**Exercise details**
Exactly as written, output each of the lines below, with no images.

(Data block begins)

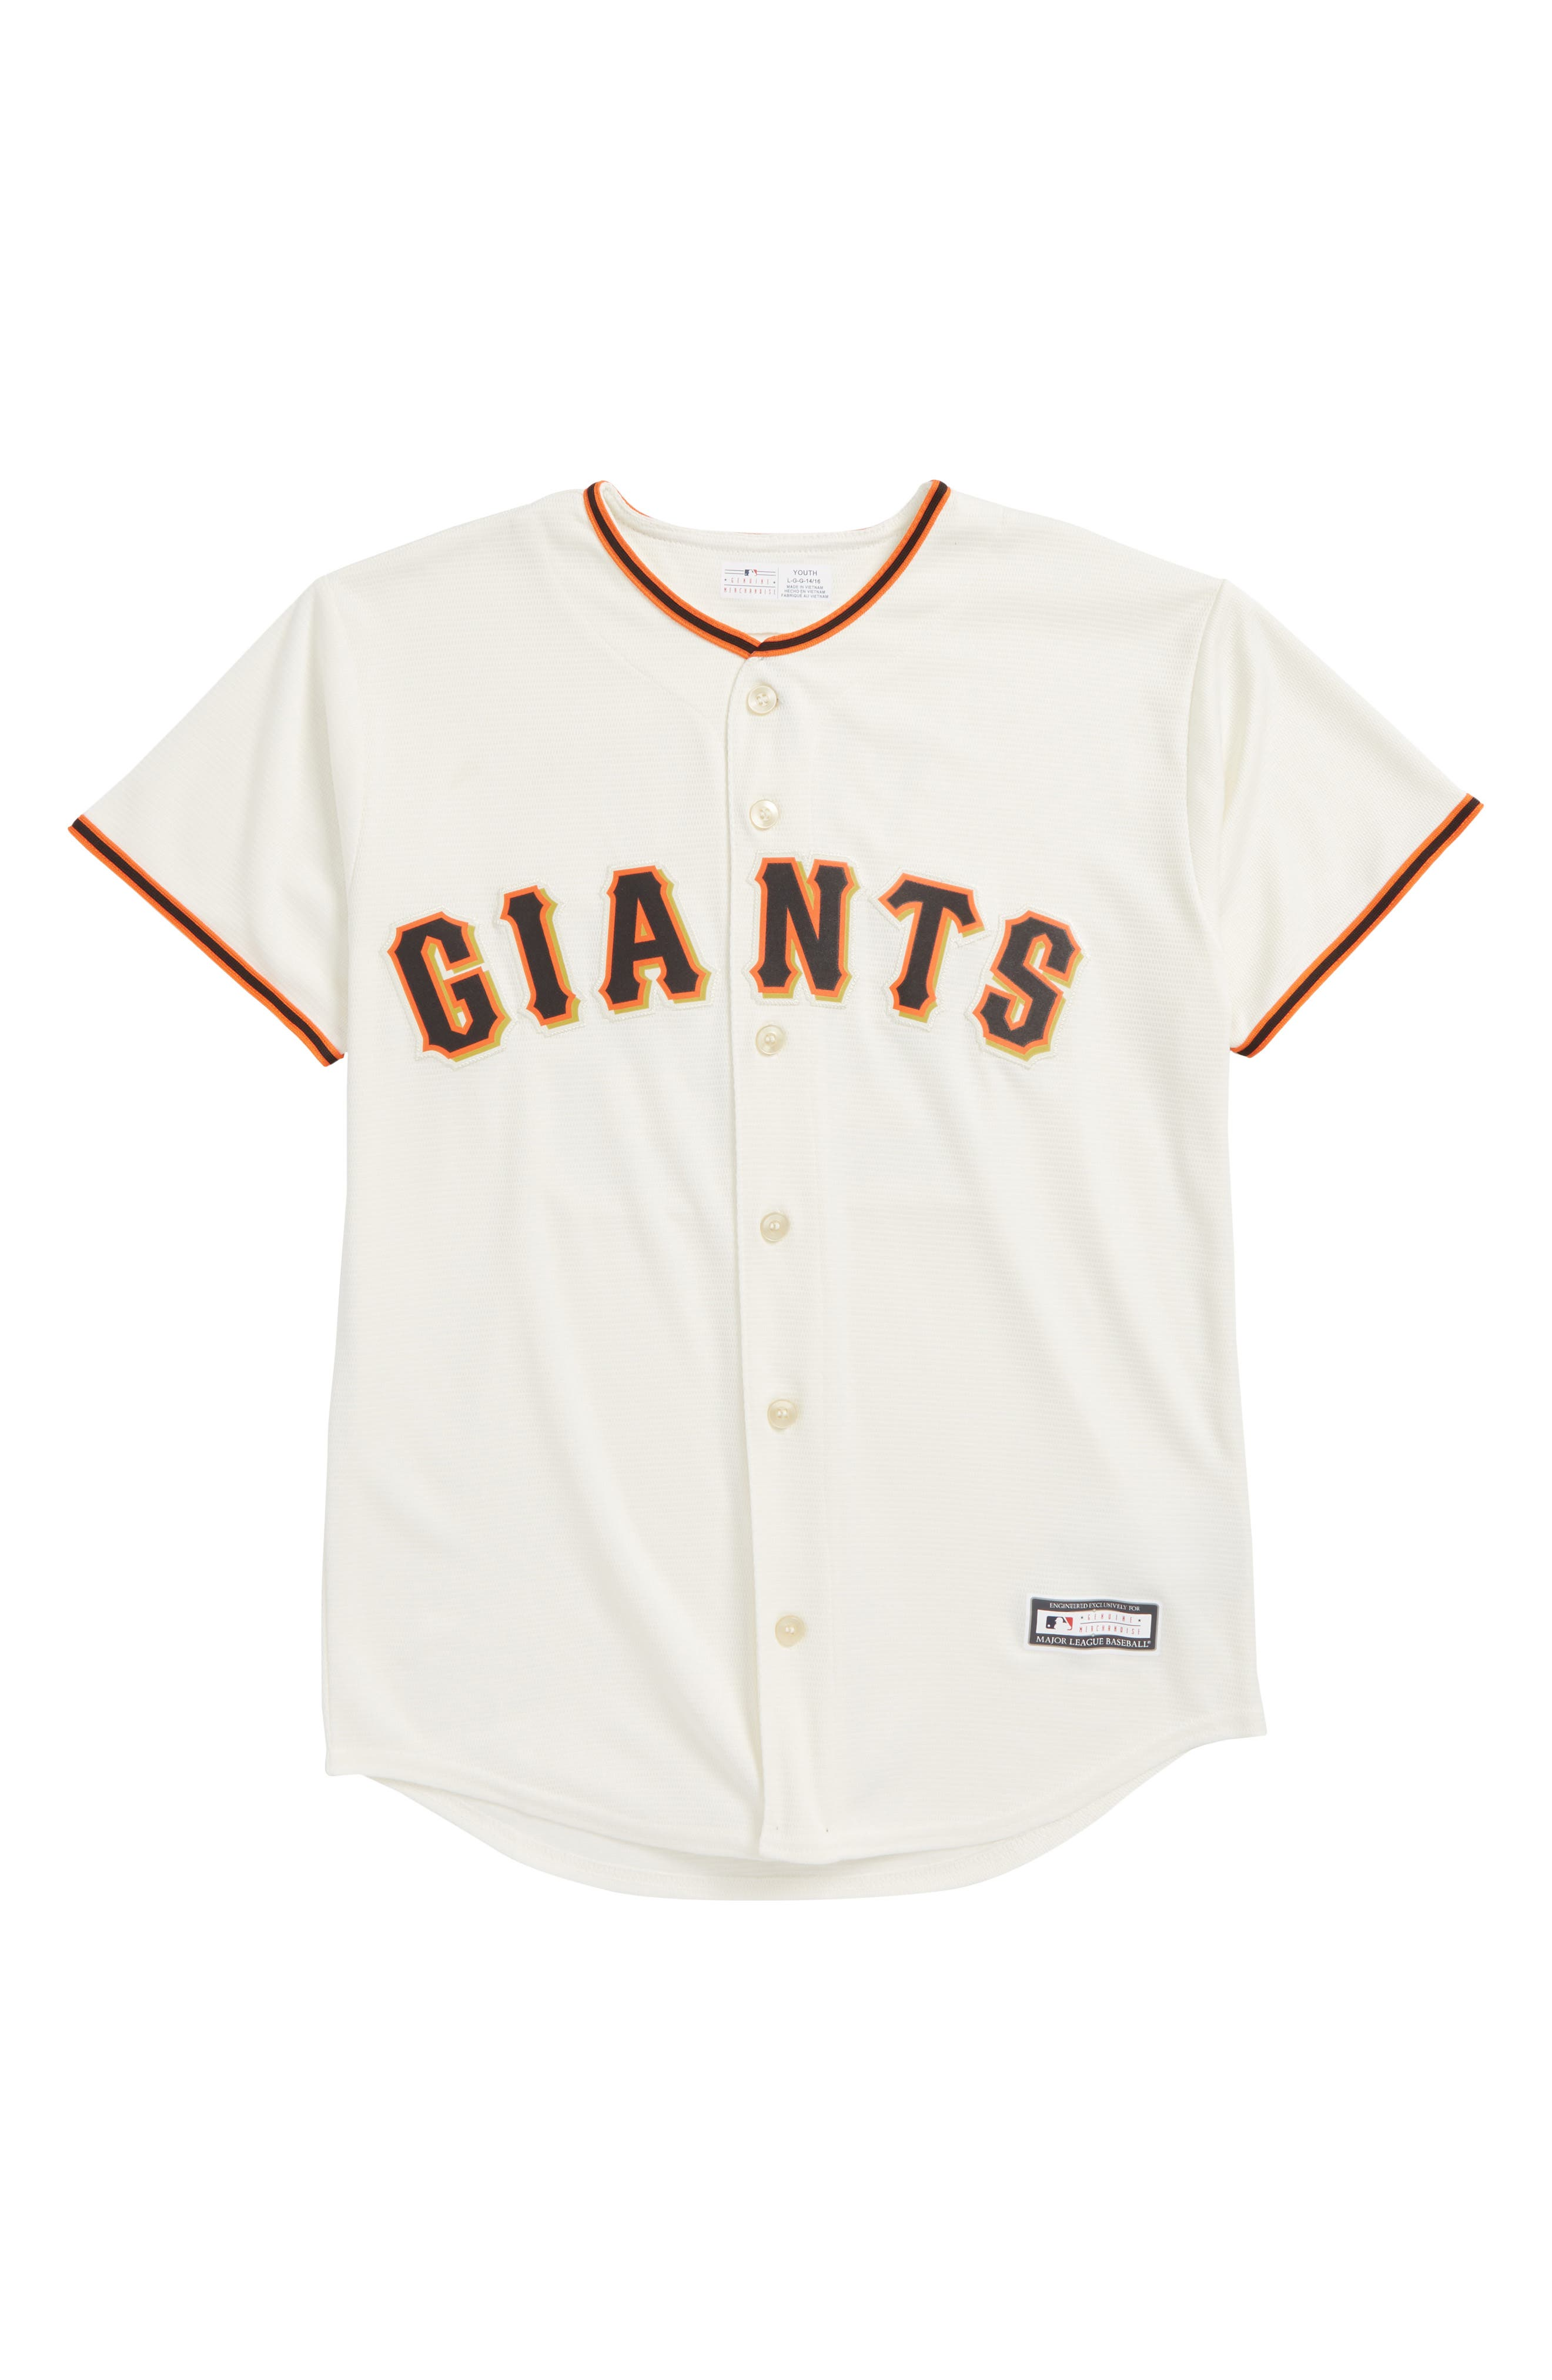 San Francisco Giants - Buster Posey Baseball Jersey,                         Main,                         color, 100
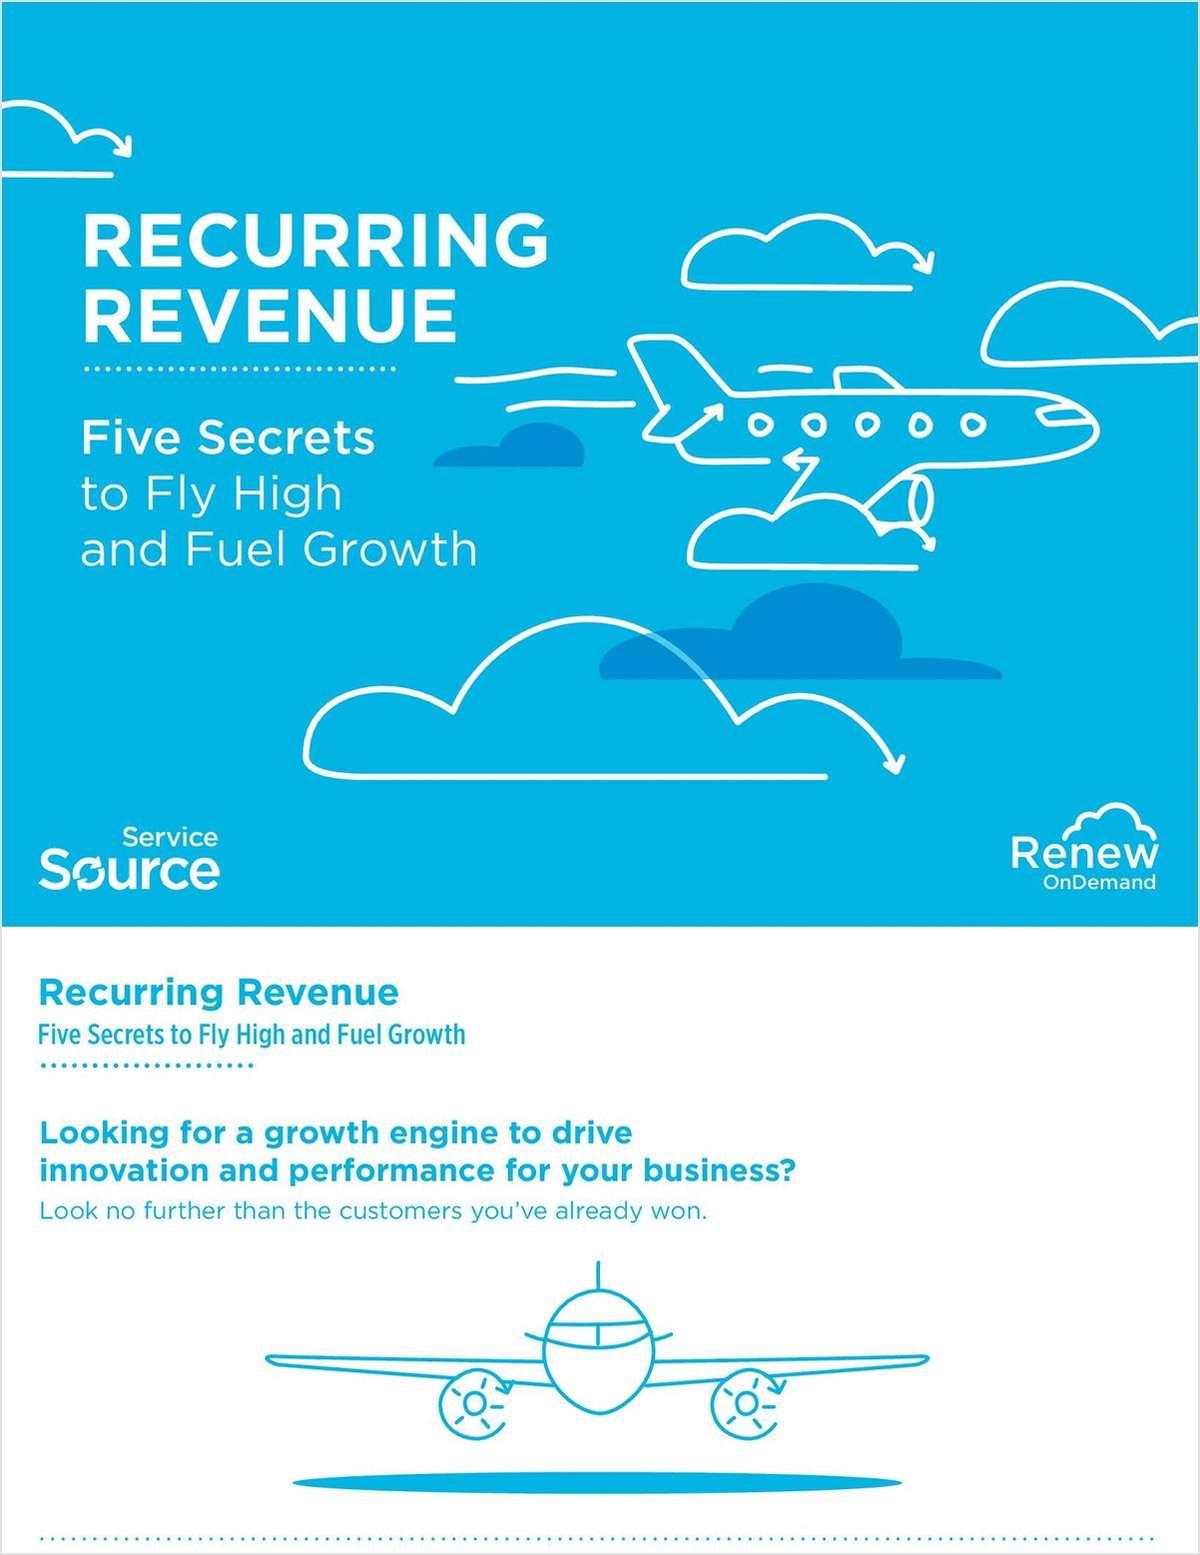 5 Recurring Revenue Growth Secrets
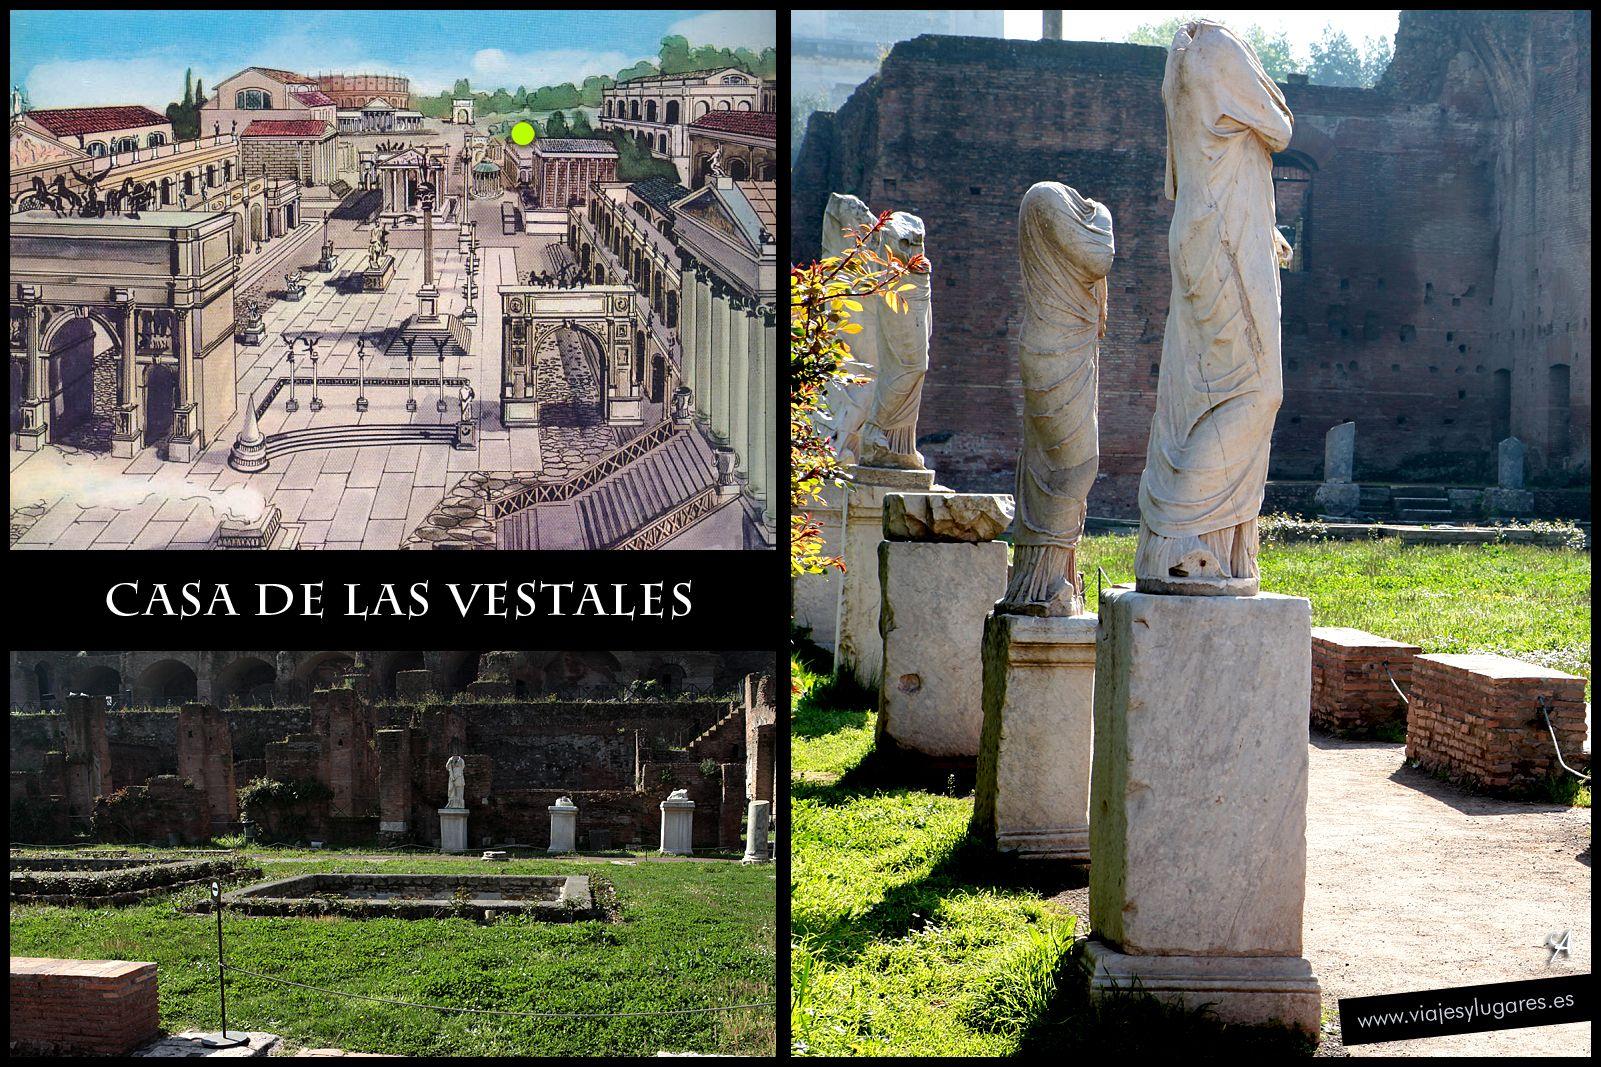 Casa de las Vestales • Foro Romano • Roma Roma, Roma

(Data block ends)

**Written solution**
 San Francisco Giants - Buster Posey Baseball Jersey,                         Main,                         color, 100
 5 Recurring Revenue Growth Secrets
 Casa de las Vestales • Foro Romano • Roma Roma, Roma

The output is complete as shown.